Problem requirements:
Each line of the records that follow must come back exactly, with pictures skipped.

Source data
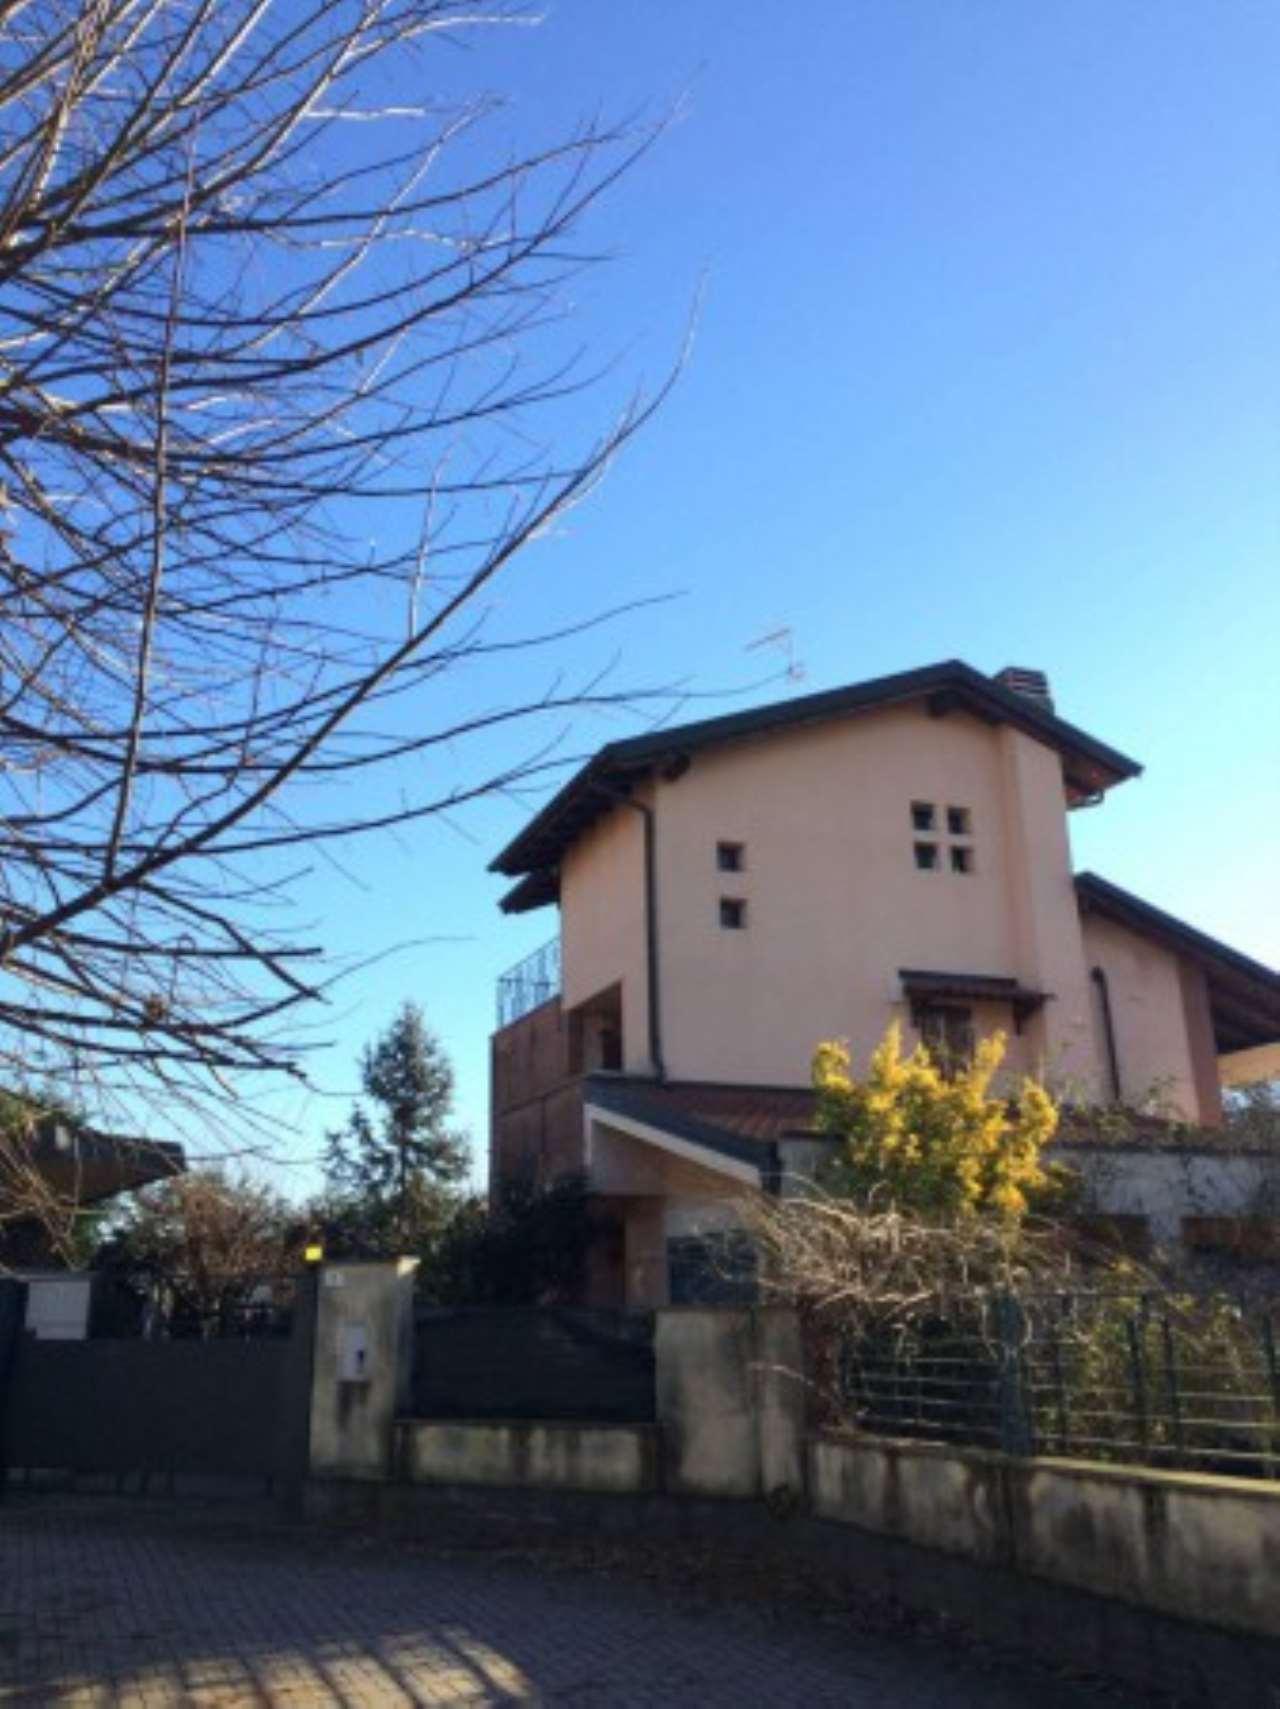 Villa in vendita a Nibbiola, 4 locali, prezzo € 255.000   Cambio Casa.it
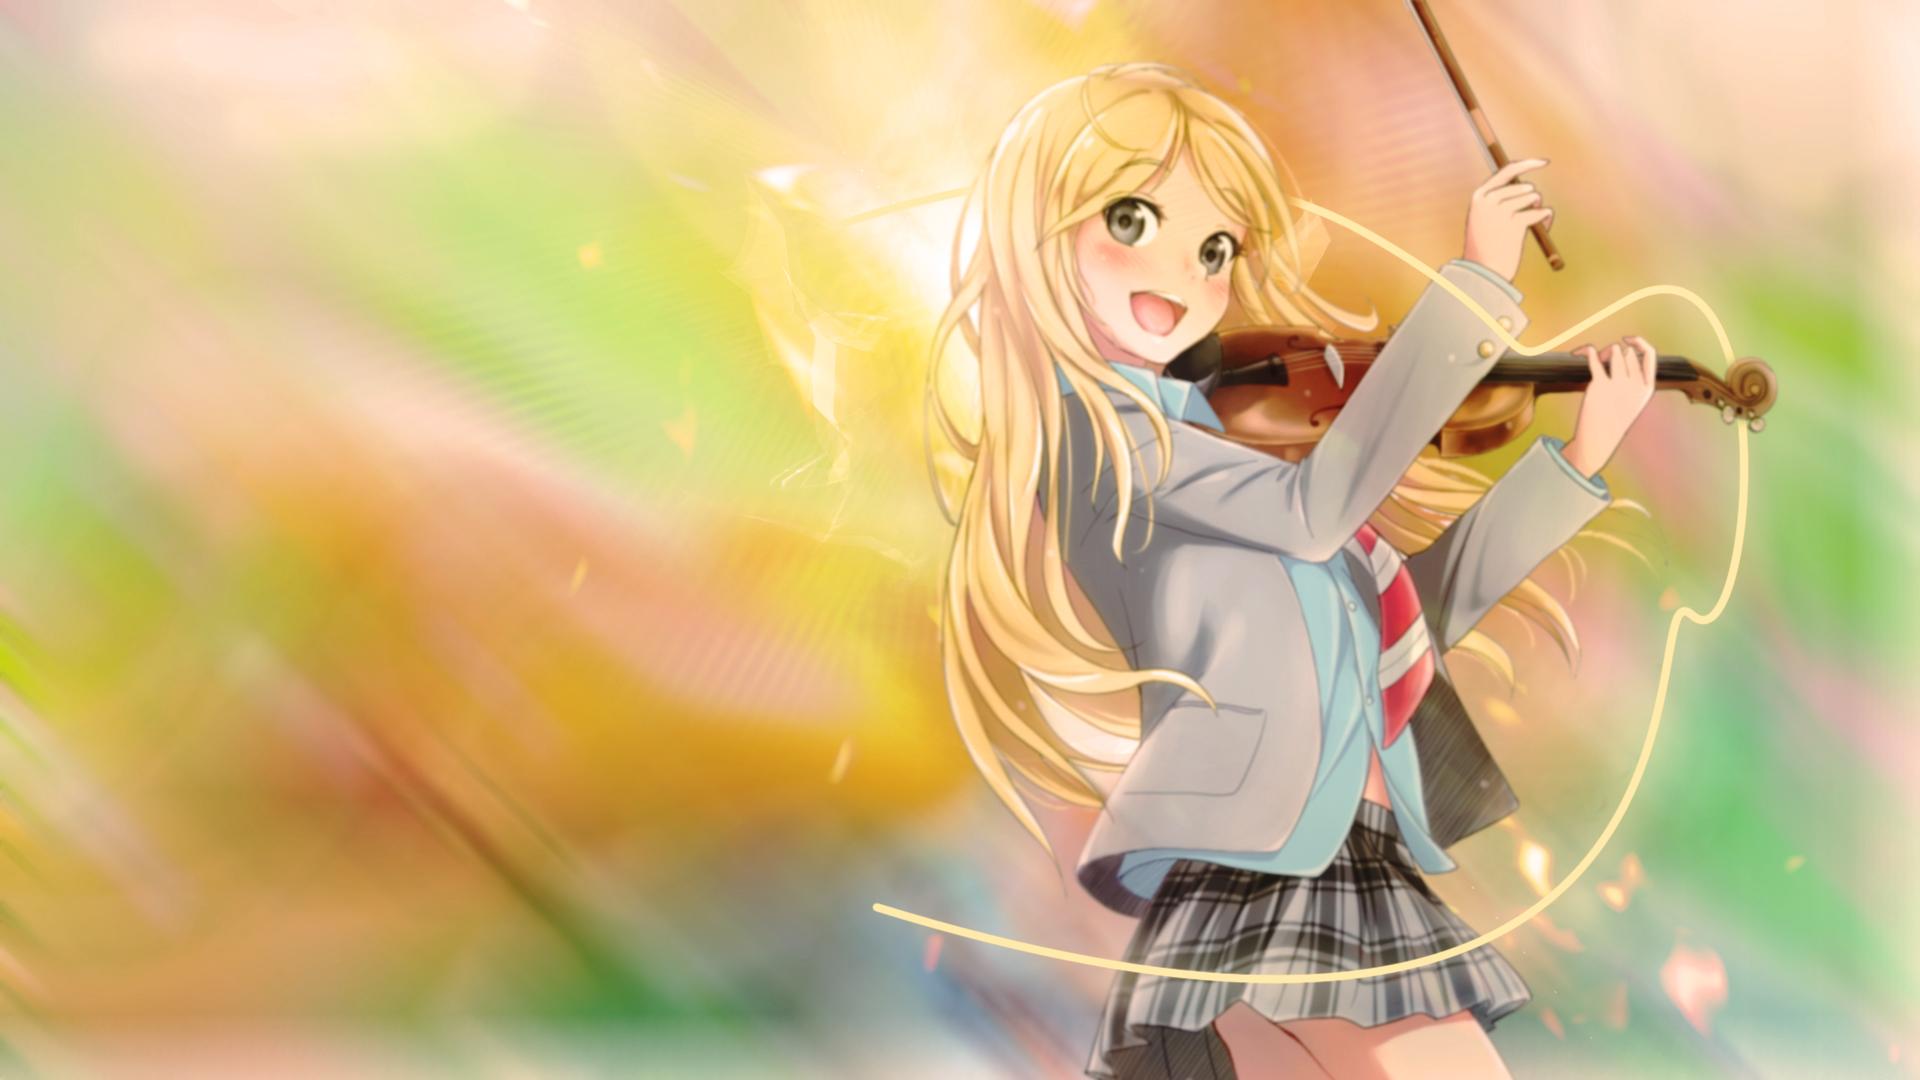 Free Kaori Miyazono Wallpaper
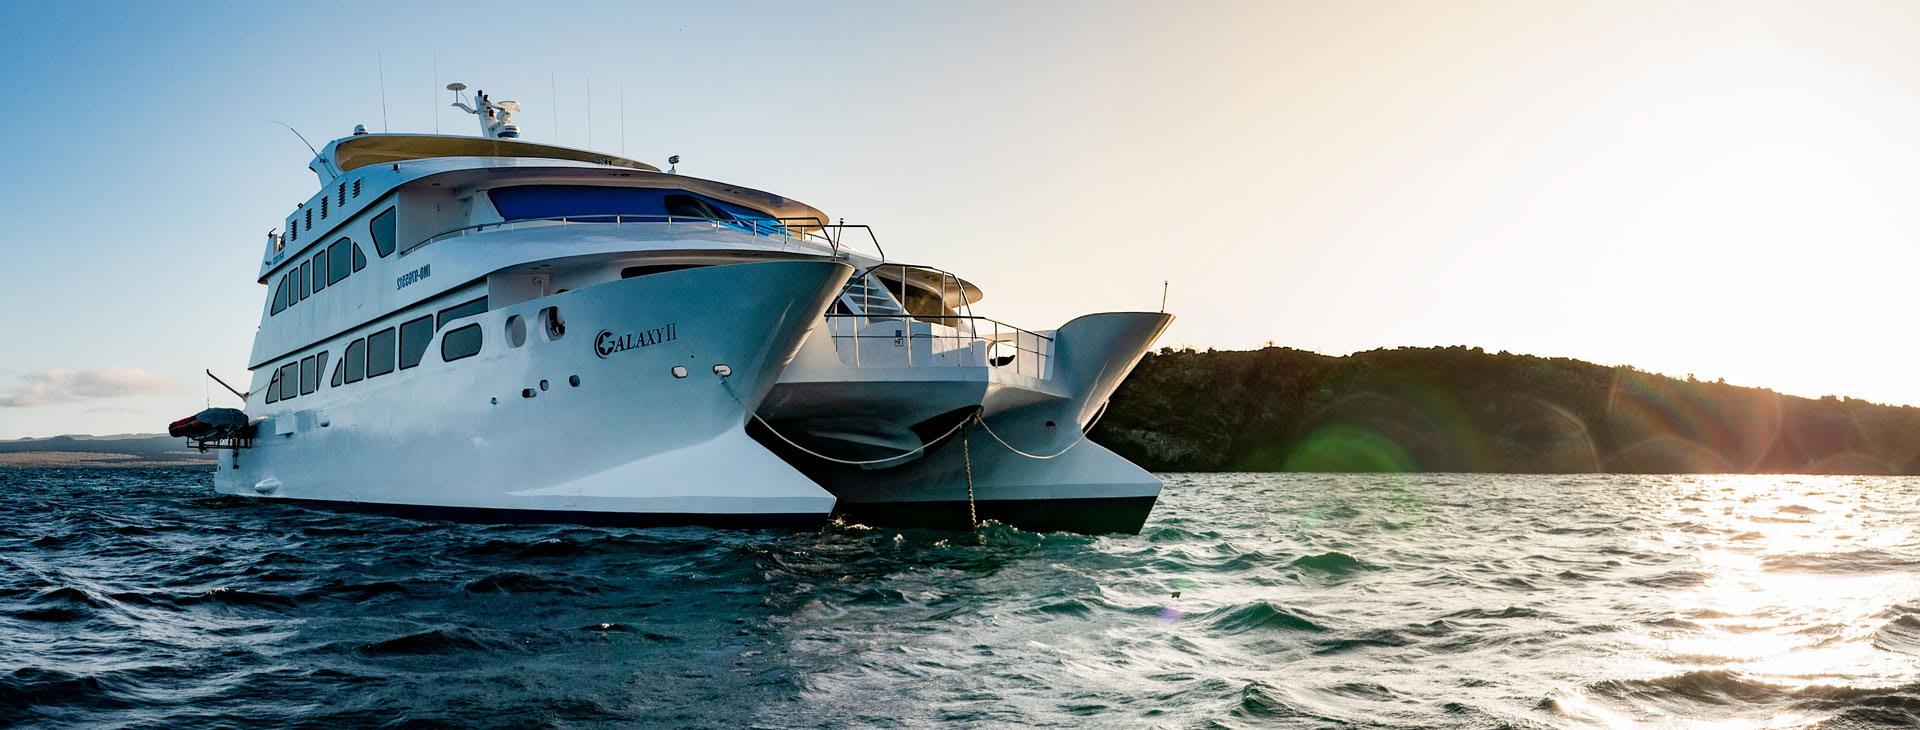 Eco Galaxy ship at sea
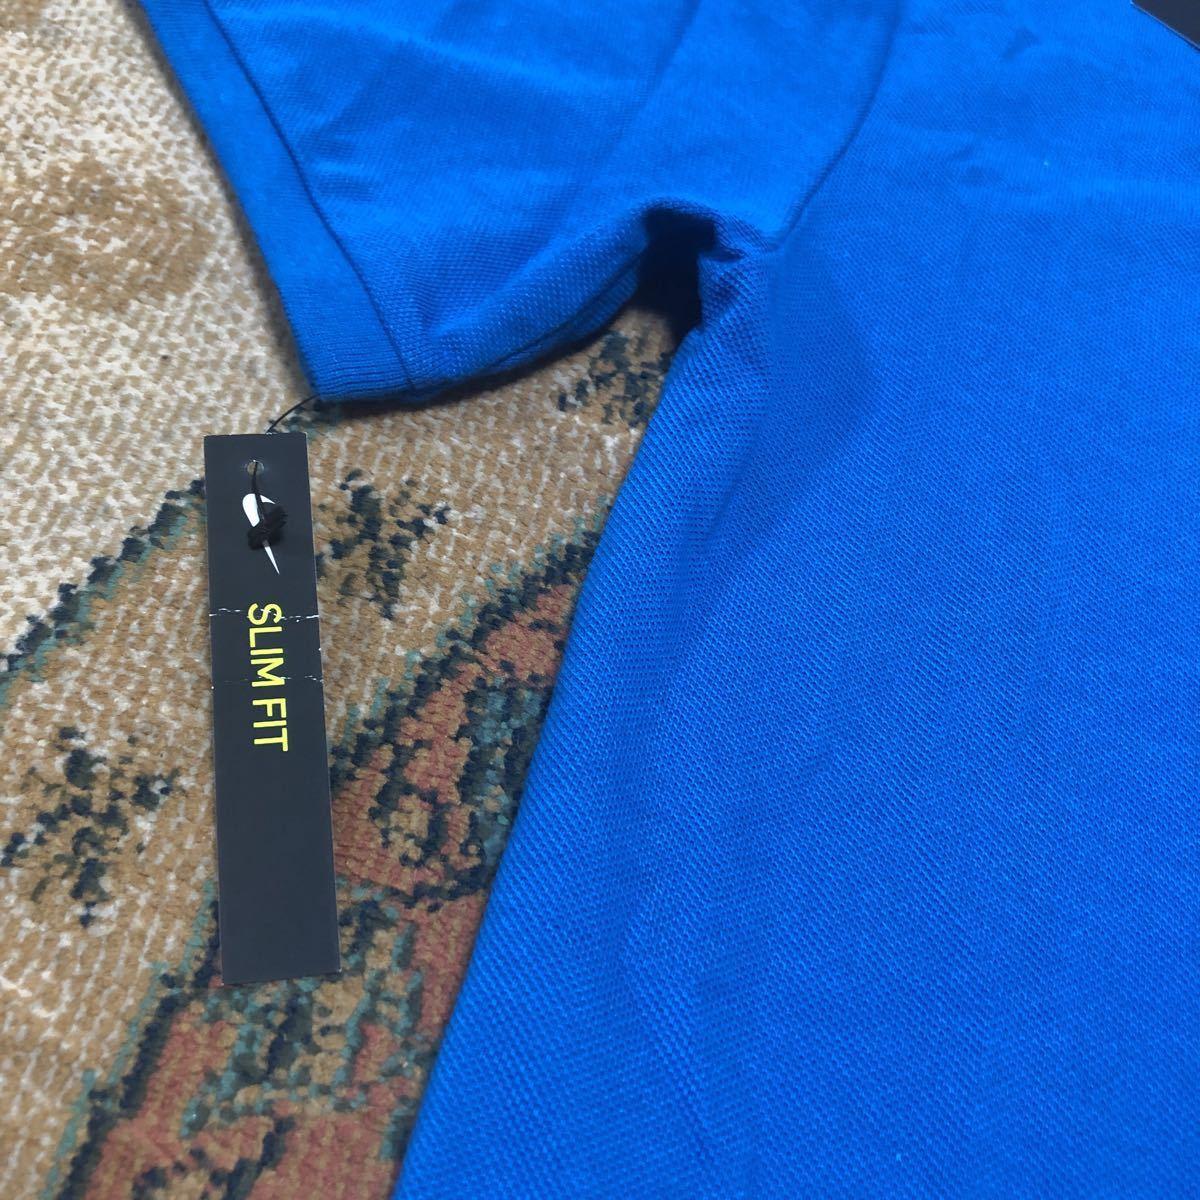 新品 NIKE tennis ナイキ テニス コートロゴ ポロシャツ メンズUSサイズXS 日本サイズS スリムフィット_画像7
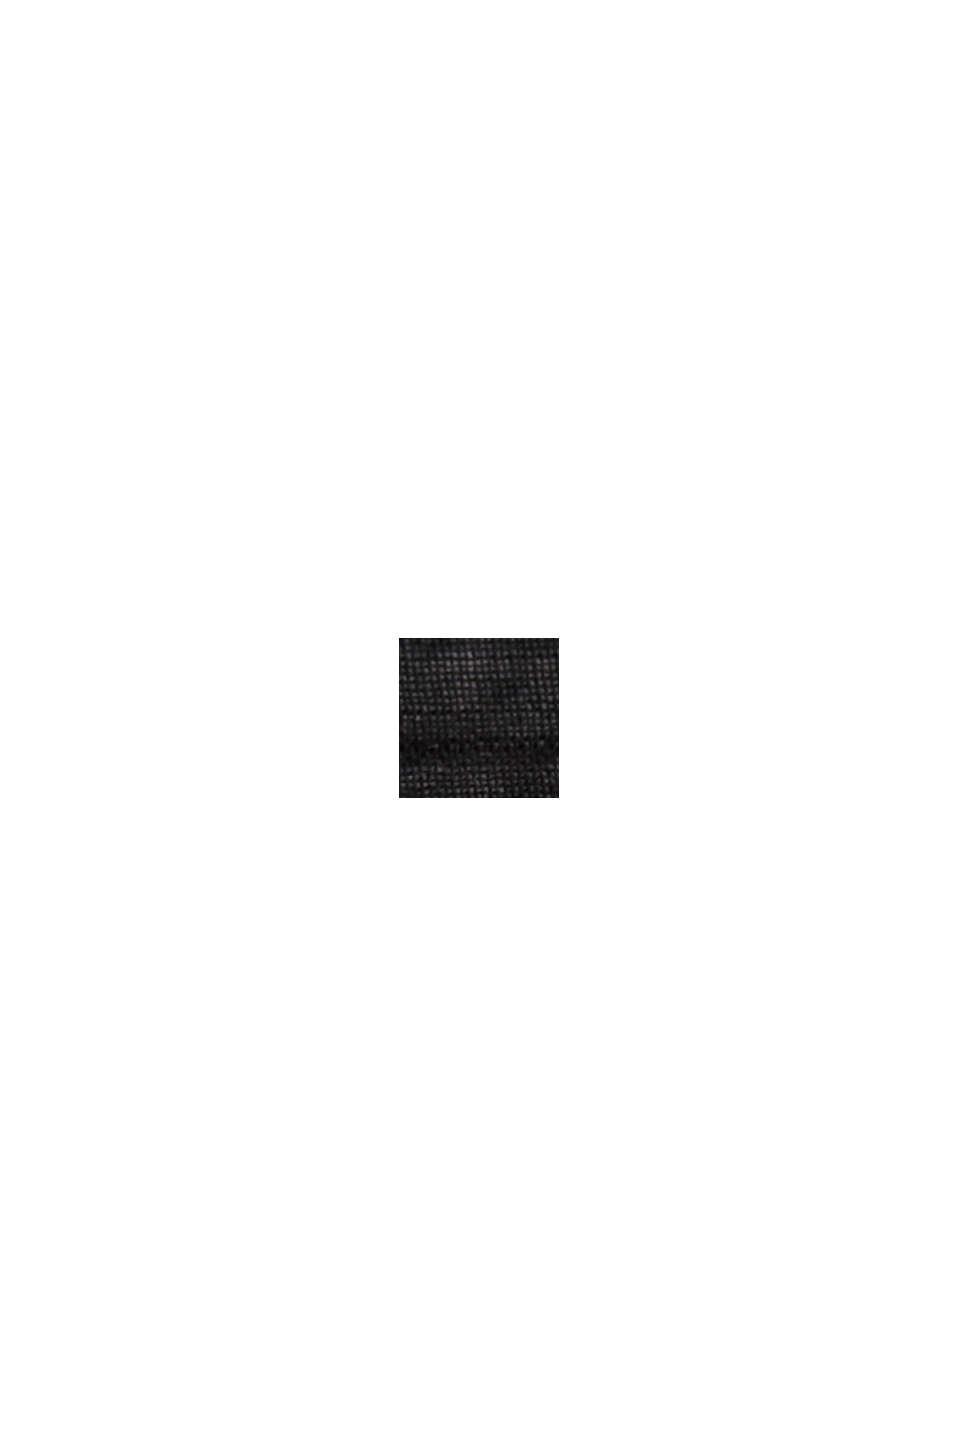 Cafetan orné de ruches, LENZING™ ECOVERO™, BLACK, swatch

Expected answer:
 Villa in vendita a Nibbiola, 4 locali, prezzo € 255.000   Cambio Casa.it
 Free Kaori Miyazono Wallpaper
 Eco Galaxy ship at sea
 新品 NIKE tennis ナイキ テニス コートロゴ ポロシャツ メンズUSサイズXS 日本サイズS スリムフィット_画像7
 Cafetan orné de ruches, LENZING™ ECOVERO™, BLACK, swatch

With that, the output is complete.